PROVIDED MATERIAL
####

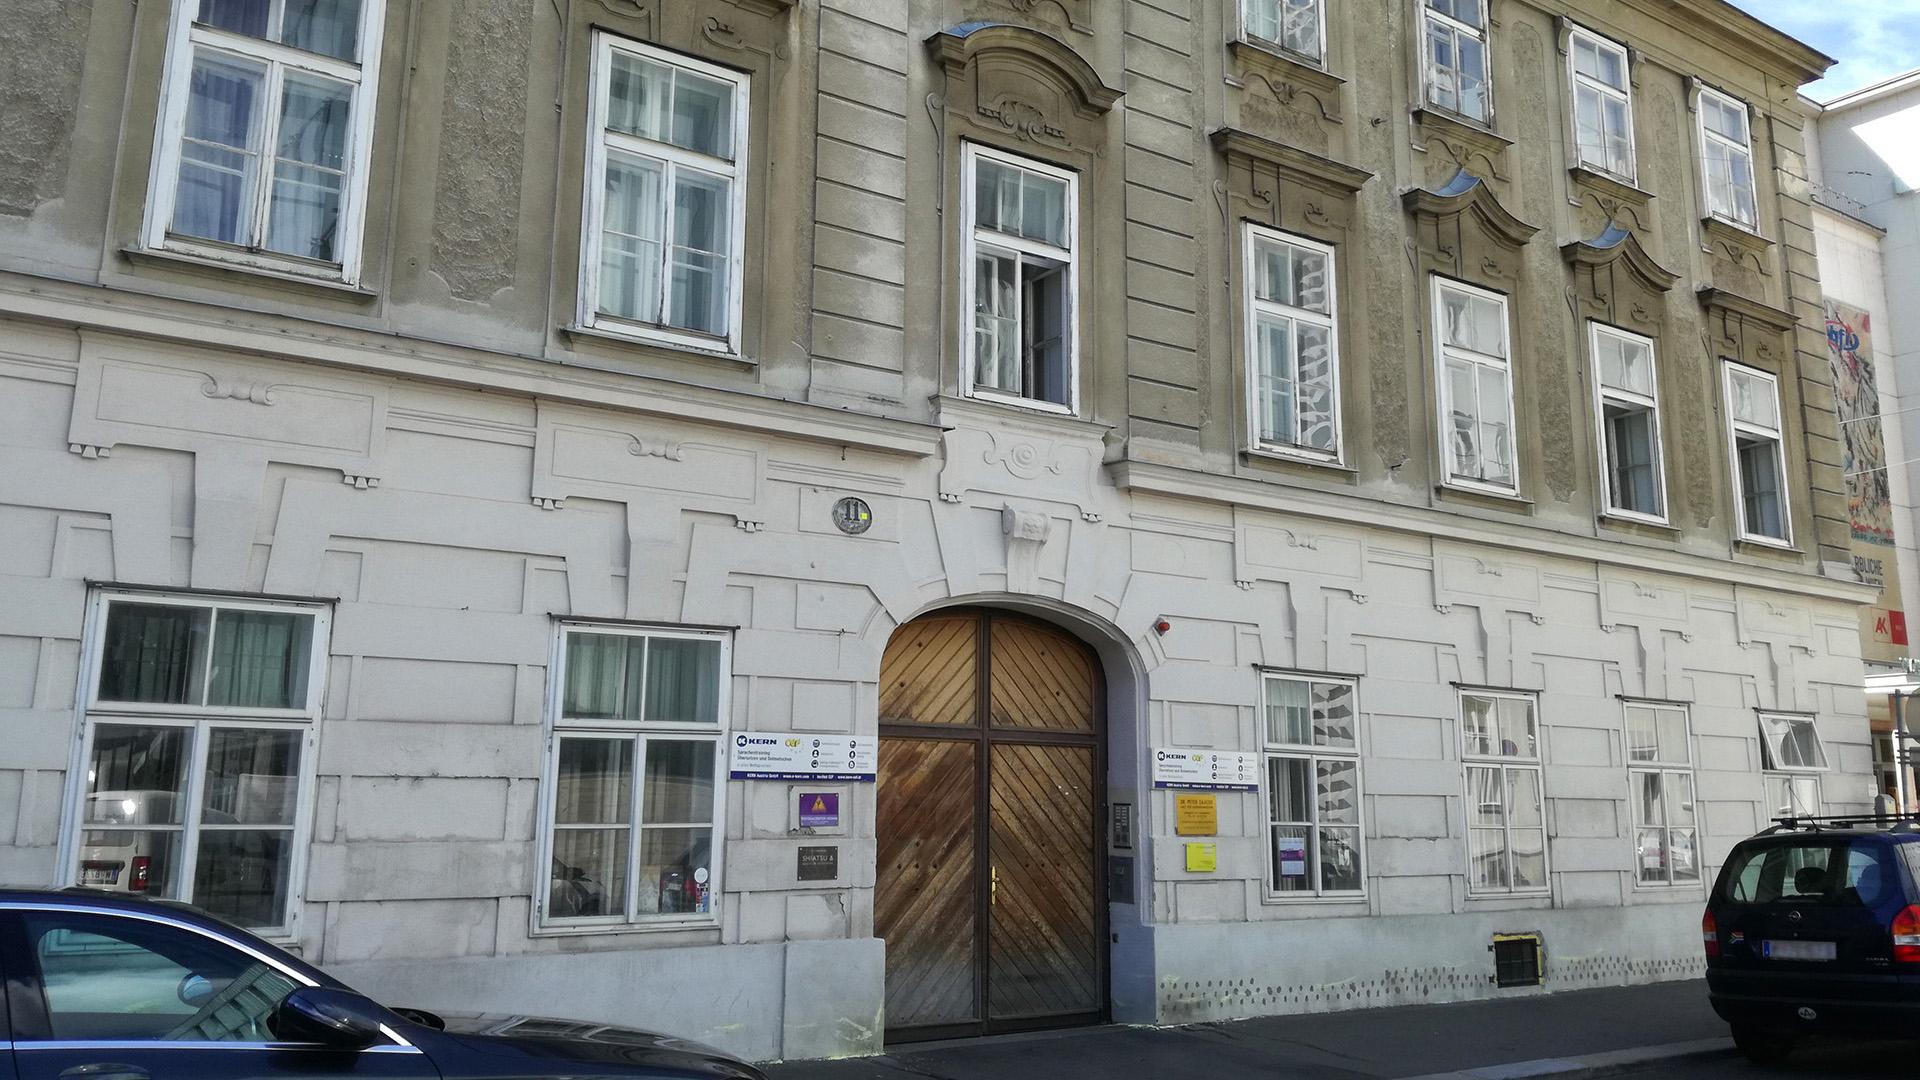 Biuro tłumaczeń w Wiedniu
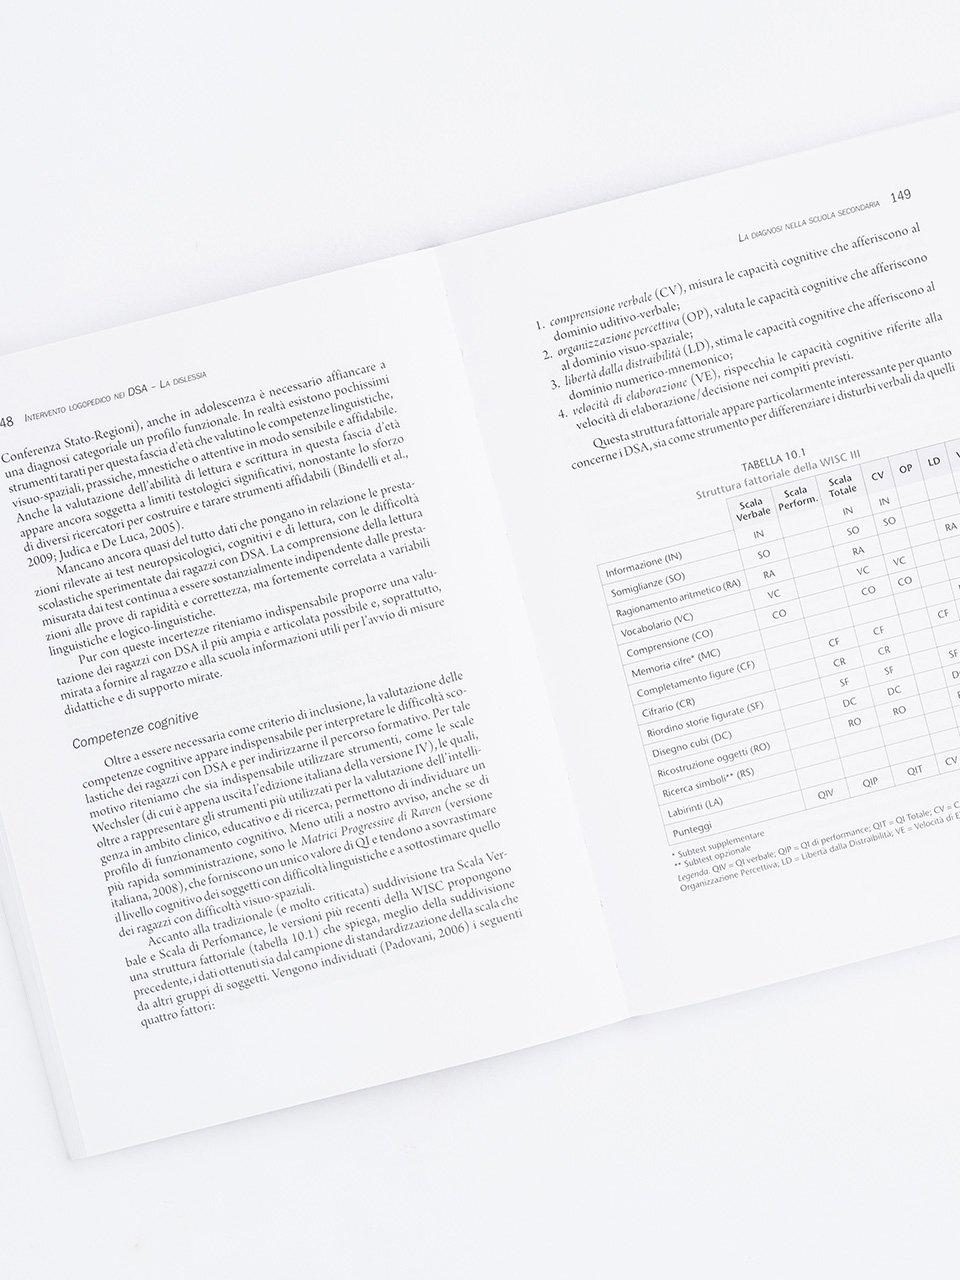 Intervento logopedico nei DSA - LA DISLESSIA - Libri - Erickson 2
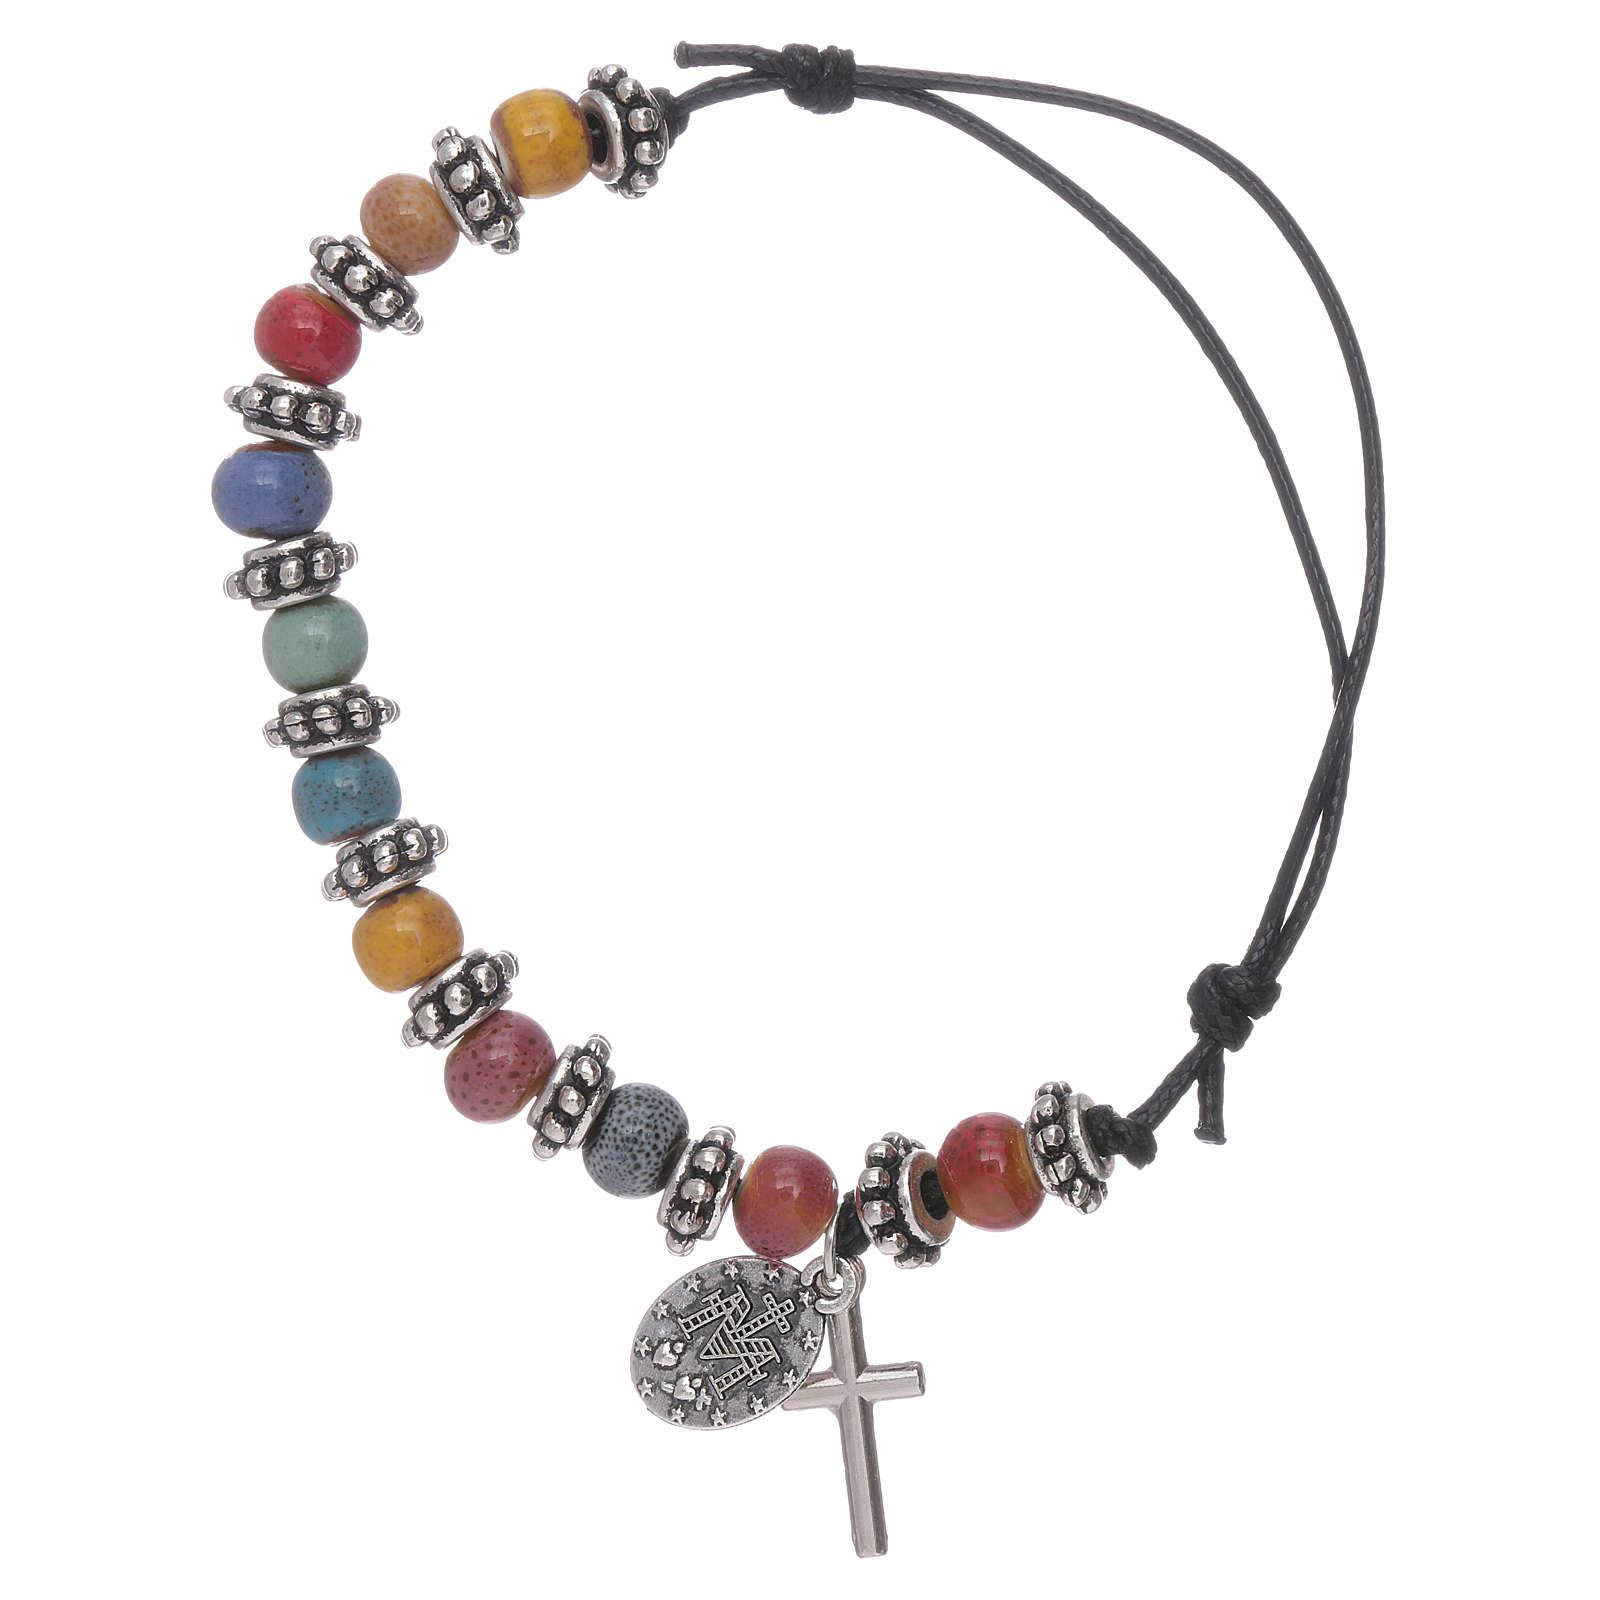 Pulsera granos vidrio multicolor 7x5mm y metal cuerda negra 4

####

If a picture appears in the data, omit it; transcribe all the rest exactly.

 Biuro tłumaczeń w Wiedniu
 Intervento logopedico nei DSA - LA DISLESSIA - Libri - Erickson 2
 Pulsera granos vidrio multicolor 7x5mm y metal cuerda negra 4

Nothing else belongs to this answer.